Rechtbank Haarlem, 15-11-2012, ECLI:NL:RBHAA:2012:3762 BY3342, AWB 12/2893
Rechtbank Haarlem, 15-11-2012, ECLI:NL:RBHAA:2012:3762 BY3342, AWB 12/2893
Gegevens
- Instantie
- Rechtbank Haarlem
- Datum uitspraak
- 15 november 2012
- Datum publicatie
- 16 november 2012
- ECLI
- ECLI:NL:RBHAA:2012:BY3342
- Zaaknummer
- AWB 12/2893
Inhoudsindicatie
Beroep niet-ontvankelijk. Toepassing foutenleer zal leiden tot een hogere aanslag en kan dus niet tot een voordeliger resultaat leiden voor belanghebbende. Voor zover eiseres in andere belastingjaren voordeel kan hebben bij het toepassen van de foutenleer, kan tegen die aanslagen of beschikkingen worden opgekomen.
Uitspraak
RECHTBANK HAARLEM
Sector bestuursrecht, meervoudige belastingkamer
Zaaknummer: AWB 12/2893
Uitspraakdatum: 15 november 2012
Proces-verbaal van de mondelinge uitspraak in het geding tussen
[X], wonende te [Y], eiseres,
gemachtigde: [A],
en
de inspecteur van de Belastingdienst/Holland-Noord, kantoor Zaandam, verweerder.

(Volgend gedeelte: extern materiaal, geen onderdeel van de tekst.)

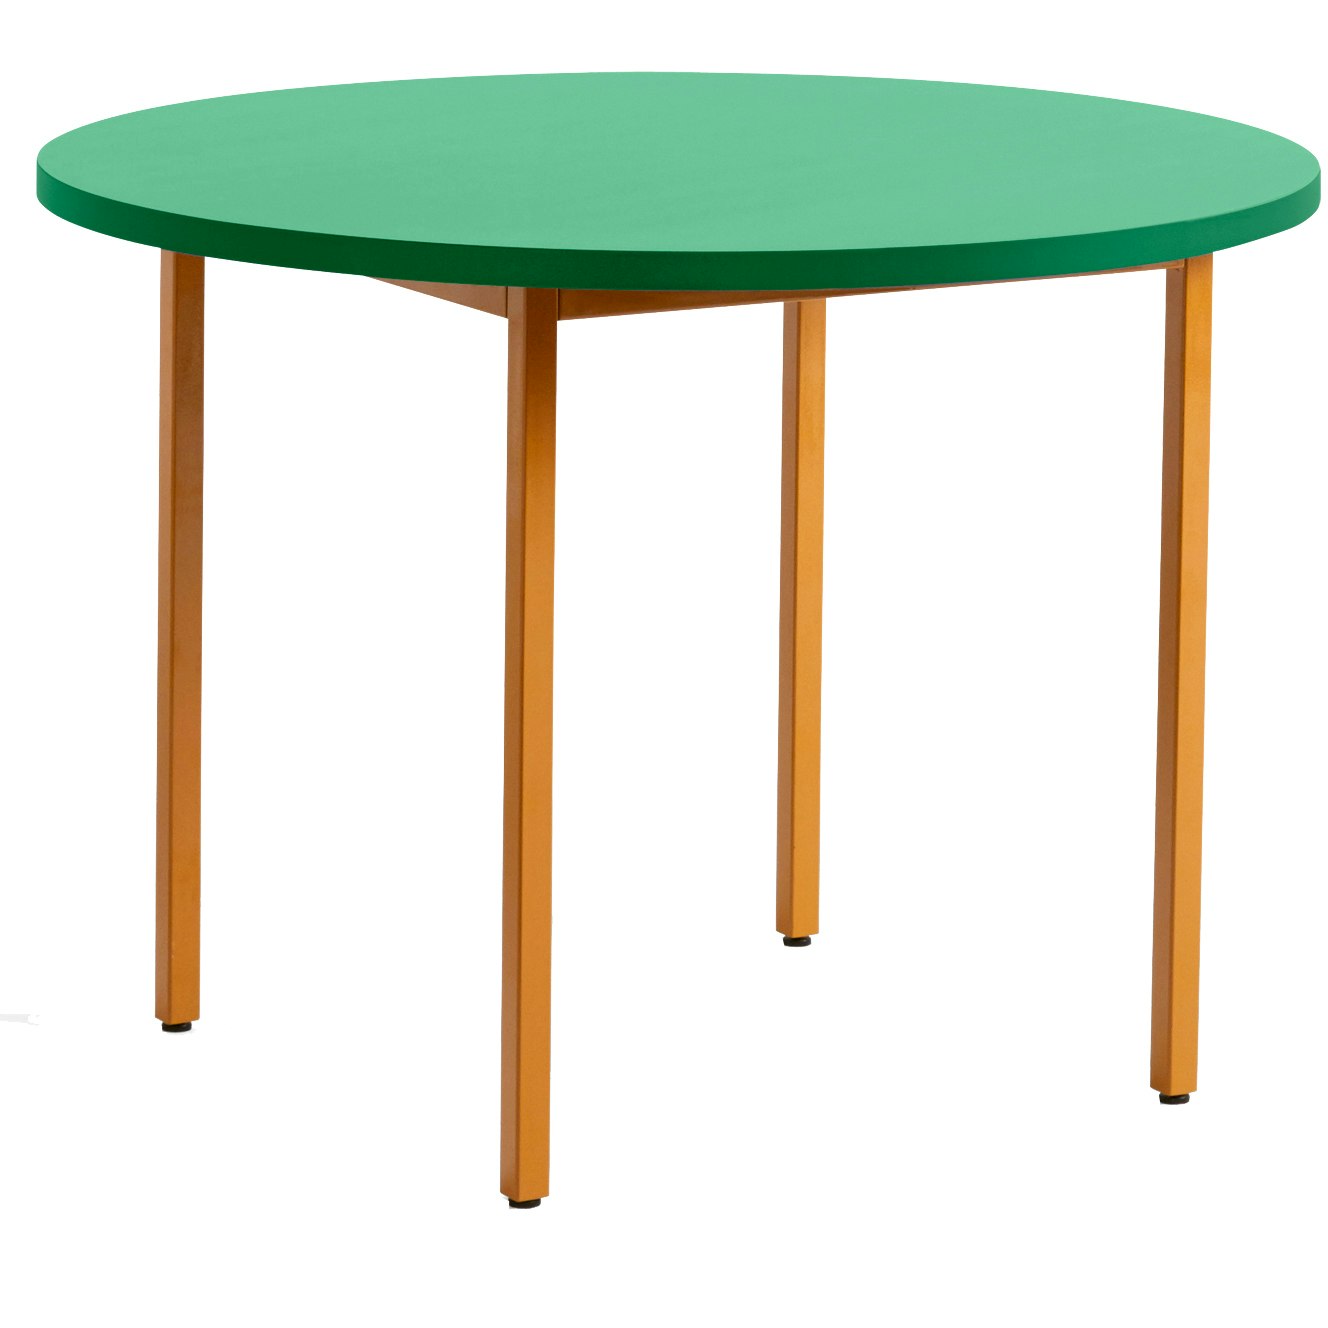 Two-Colour Tisch Ø105 cm, Ocker / Green Mint

De bestreden uitspraak op bezwaar
De uitspraak van verweerder van 16 mei 2012 op het bezwaar van eiseres tegen de aan eiseres voor het jaar 2008 opgelegde aanslag inkomstenbelasting en premie volksverzekeringen (ib/pvv).
Zitting
Het onderzoek ter zitting heeft plaatsgevonden op 1 november 2012.
Eiseres is daar in persoon verschenen, bijgestaan door haar gemachtigde. Namens verweerder is verschenen K.T. Kruijdenhof, bijgestaan door J.N.A.H. Renckens.
Beslissing
De rechtbank verklaart het beroep niet-ontvankelijk.
Gronden
1. De rechtbank is met partijen van oordeel dat de onderhavige procedure voor eiseres niet kan leiden tot een voordelig resultaat.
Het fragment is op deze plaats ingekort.